▶ **AVAILABLE DATA**:
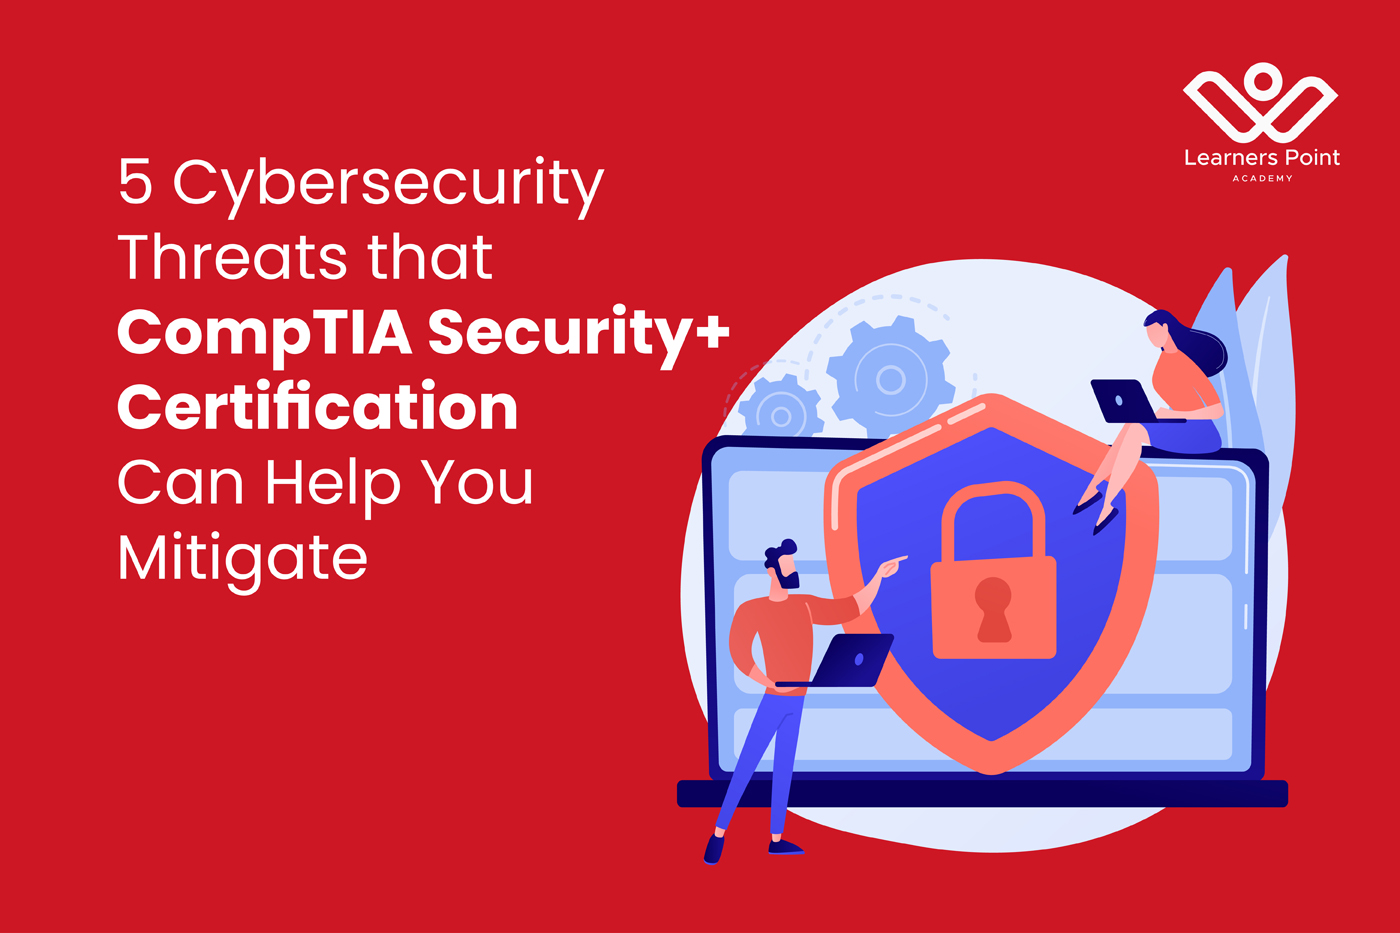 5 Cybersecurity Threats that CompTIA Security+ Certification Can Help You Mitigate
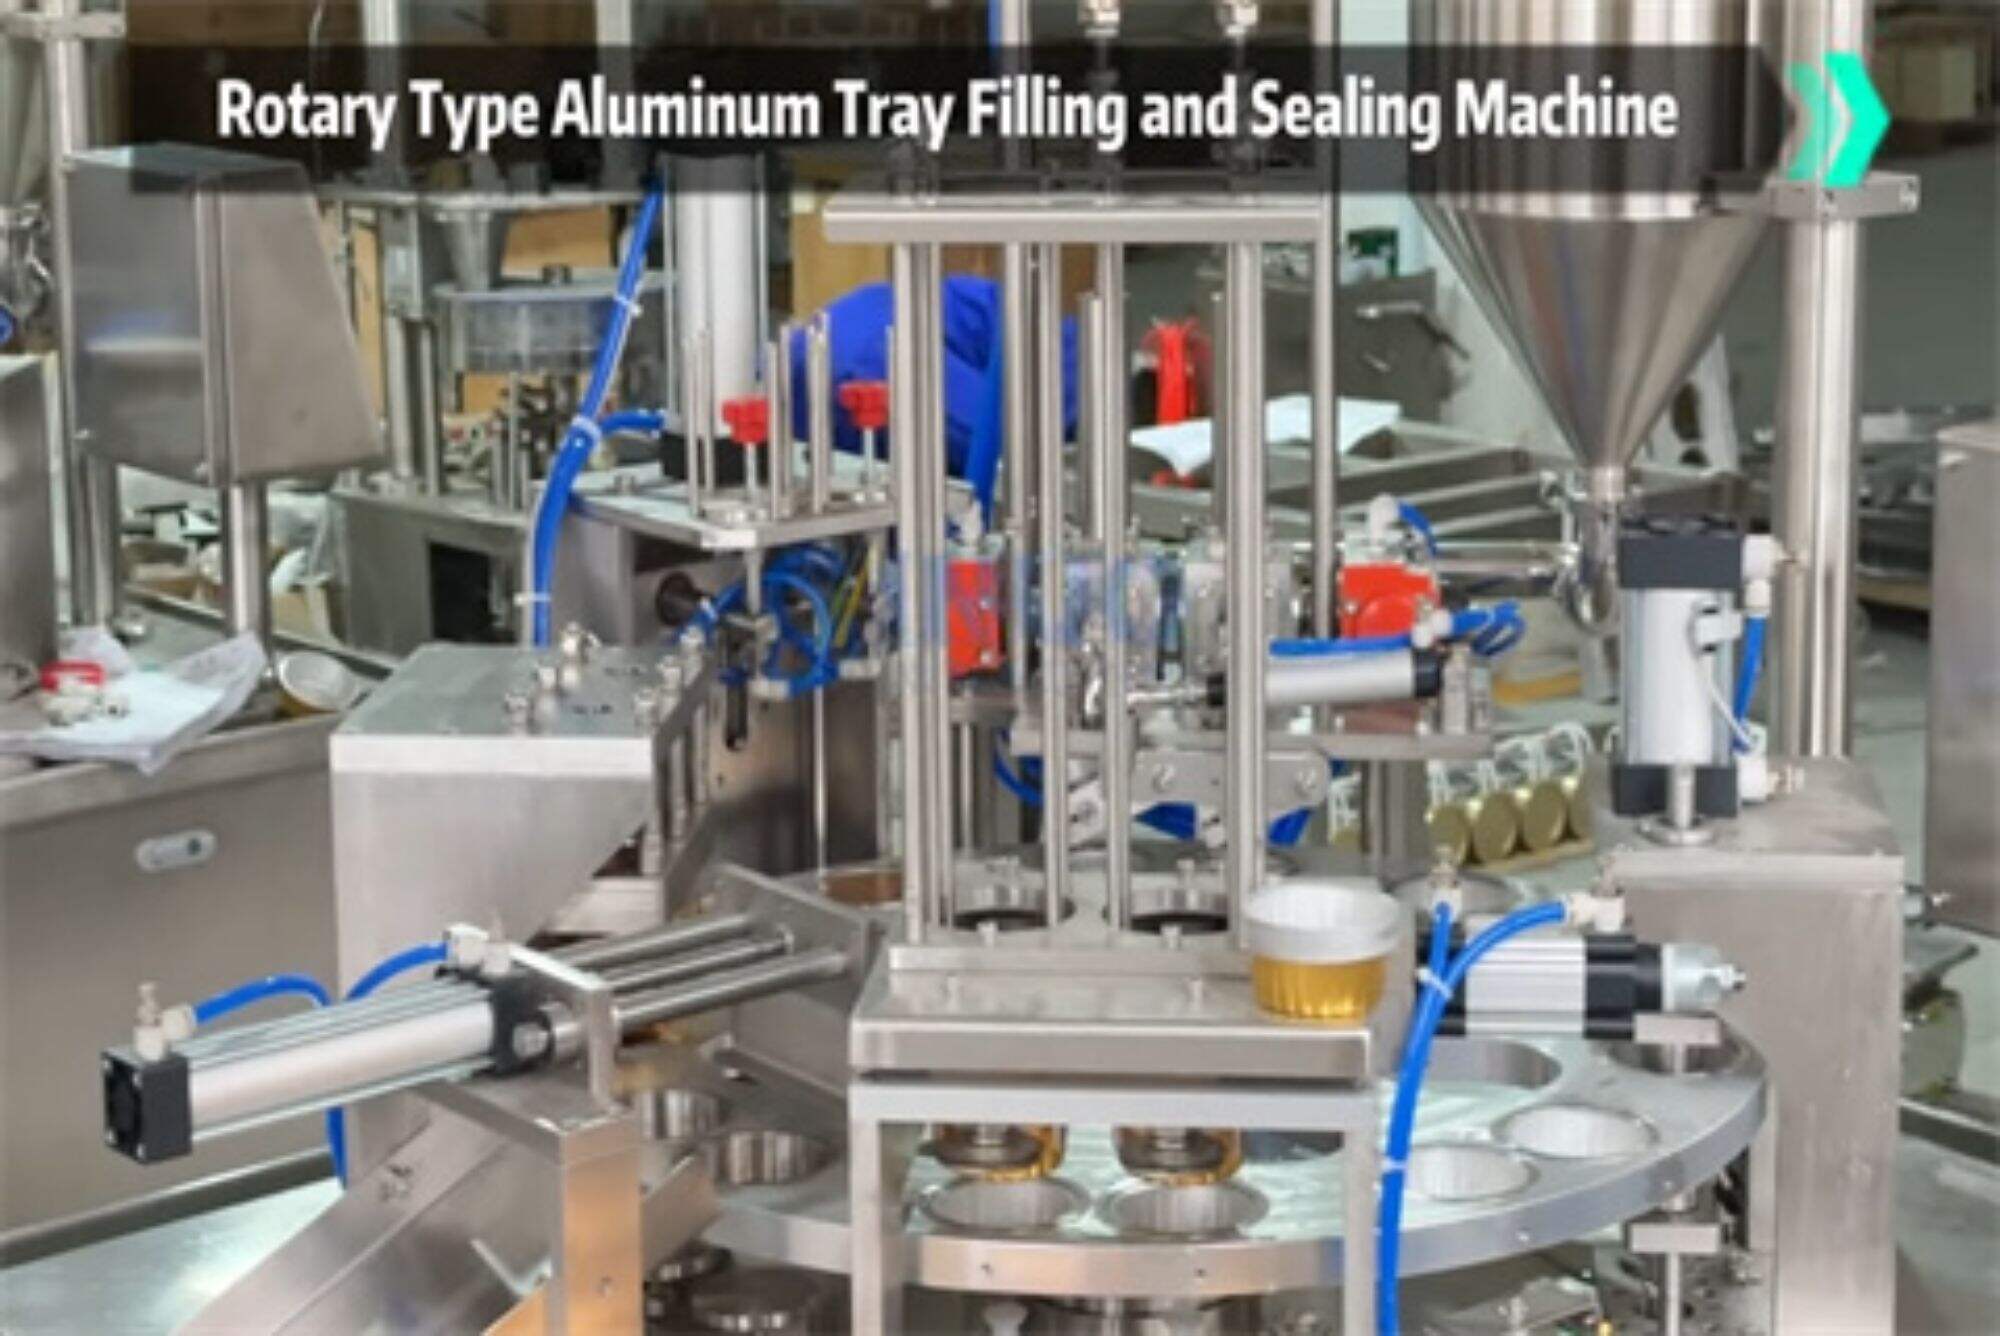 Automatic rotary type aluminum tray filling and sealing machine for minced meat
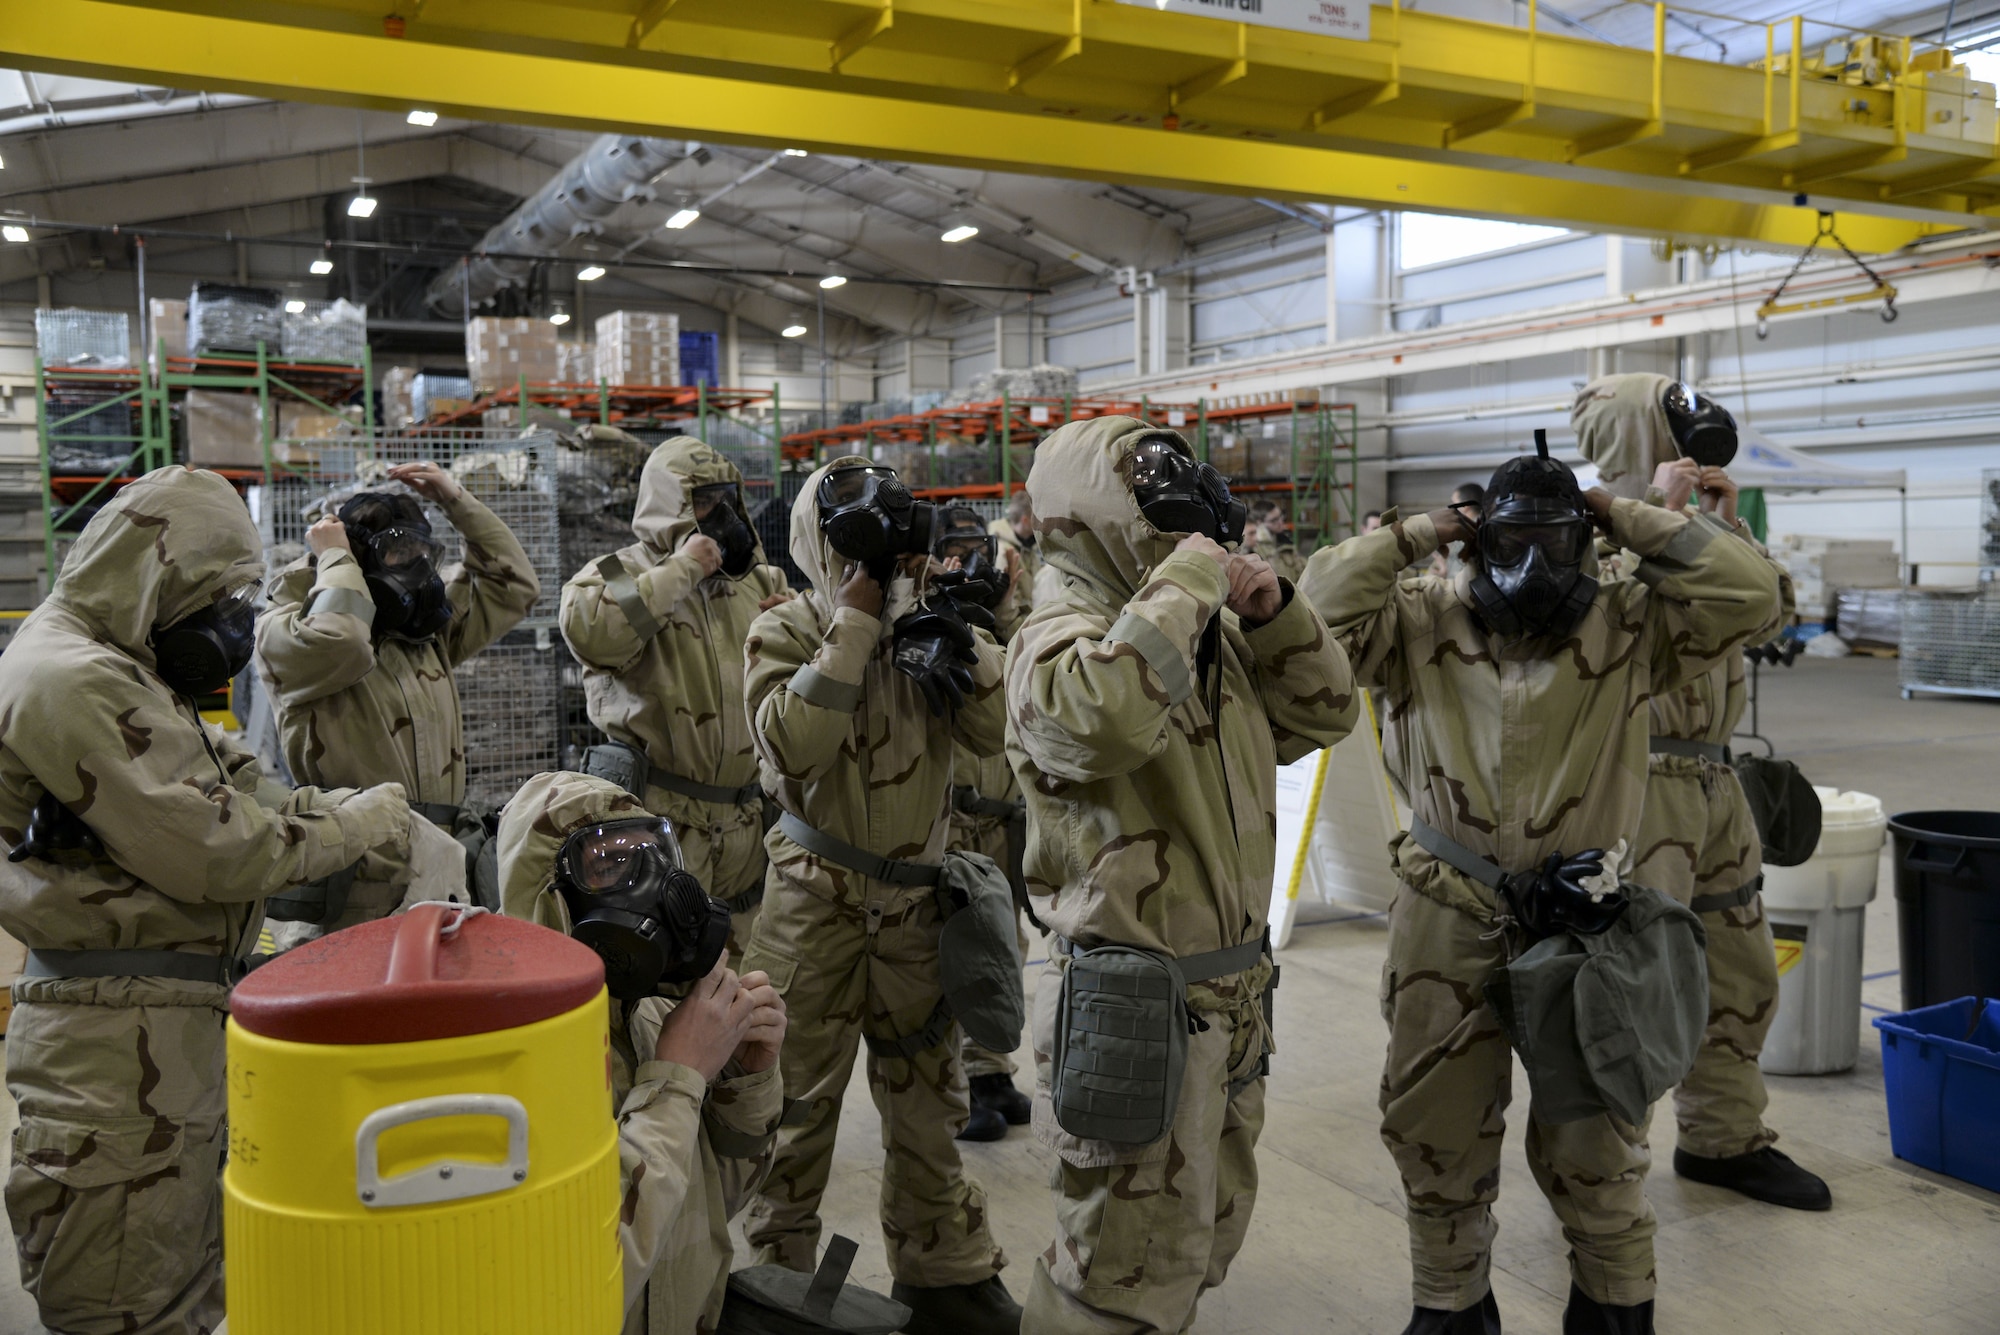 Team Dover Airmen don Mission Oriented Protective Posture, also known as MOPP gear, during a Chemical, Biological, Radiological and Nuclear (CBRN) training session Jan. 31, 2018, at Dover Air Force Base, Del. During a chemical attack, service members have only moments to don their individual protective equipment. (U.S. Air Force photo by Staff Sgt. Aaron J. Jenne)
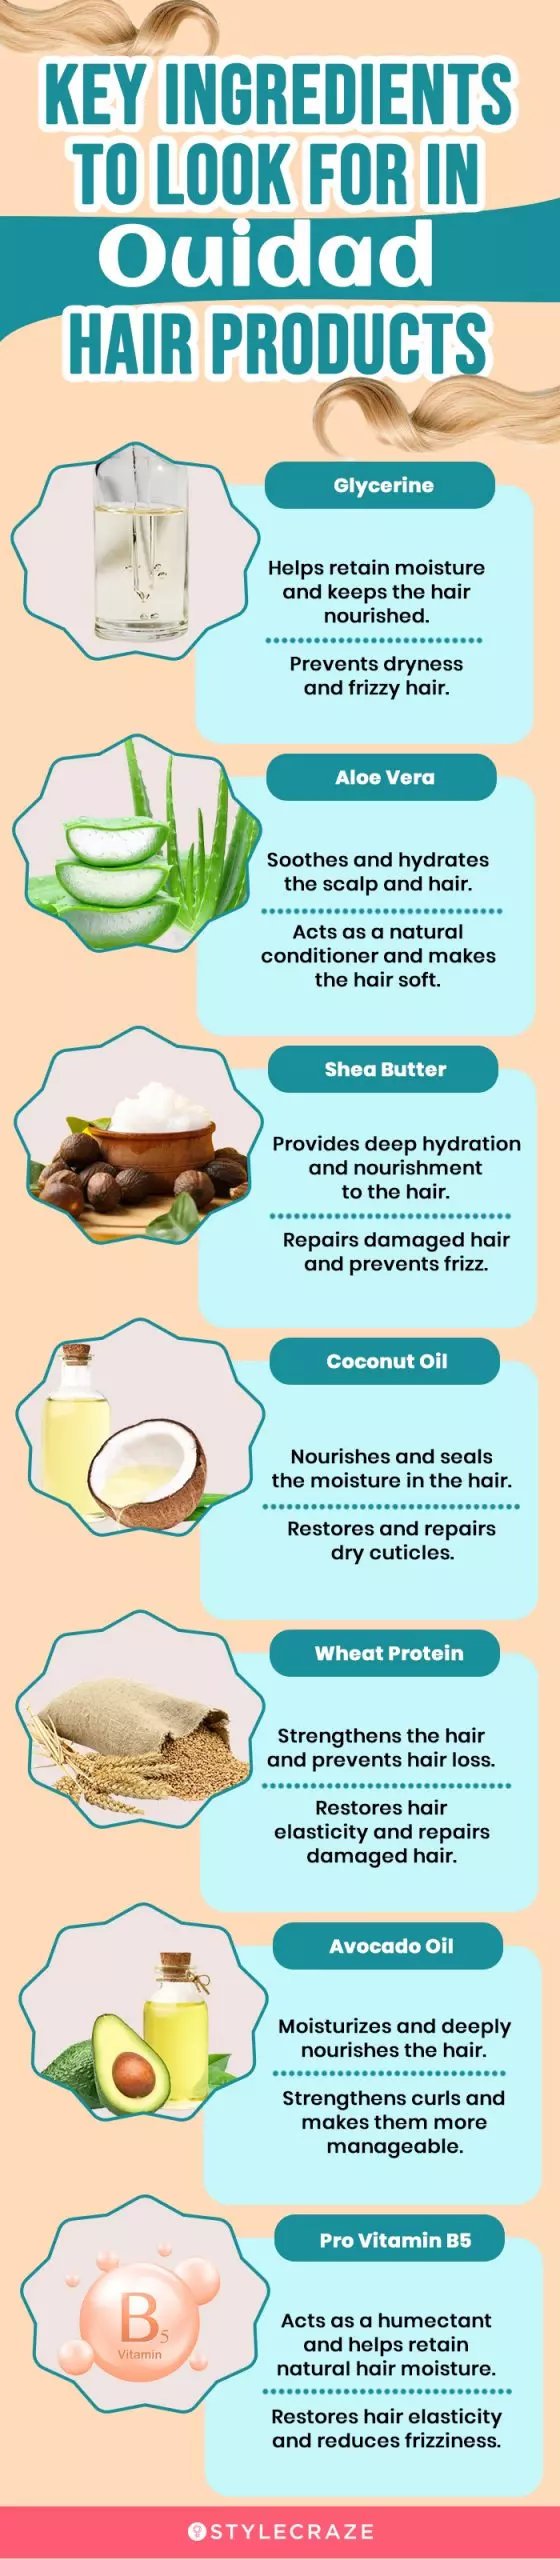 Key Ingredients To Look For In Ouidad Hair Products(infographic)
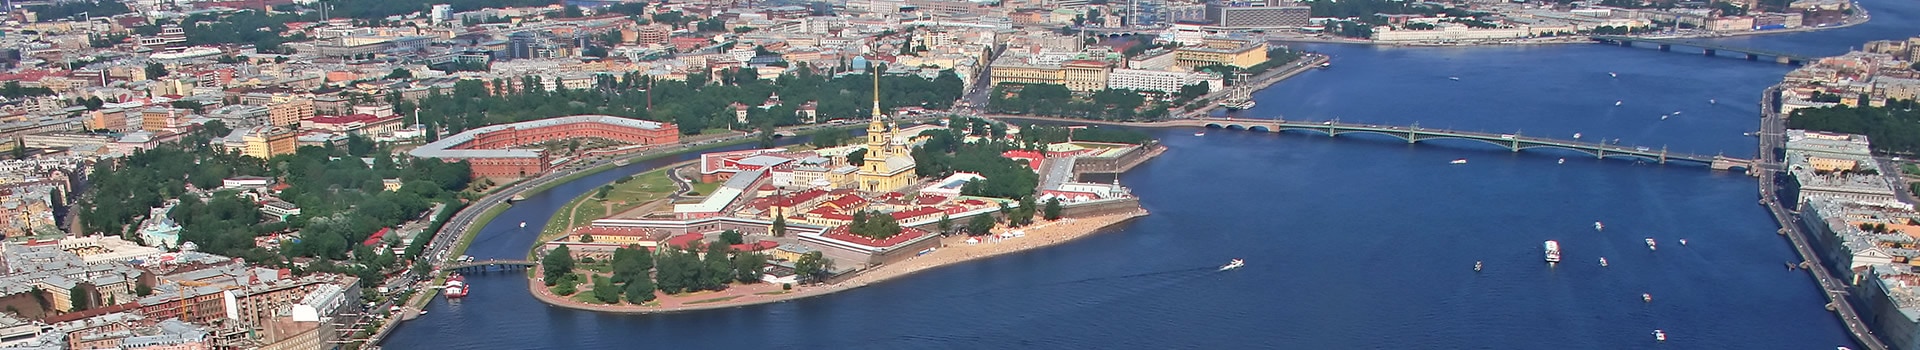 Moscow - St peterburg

▶ **THE TASK**:
In your reply, please print exactly the lines from the one with "Team Dover Airmen" through the final line of the listing above, both included, and no pictures.

▶ **EXPECTED OUTPUT**:
 Team Dover Airmen don Mission Oriented Protective Posture, also known as MOPP gear, during a Chemical, Biological, Radiological and Nuclear (CBRN) training session Jan. 31, 2018, at Dover Air Force Base, Del. During a chemical attack, service members have only moments to don their individual protective equipment. (U.S. Air Force photo by Staff Sgt. Aaron J. Jenne)
 Key Ingredients To Look For In Ouidad Hair Products(infographic)
 Moscow - St peterburg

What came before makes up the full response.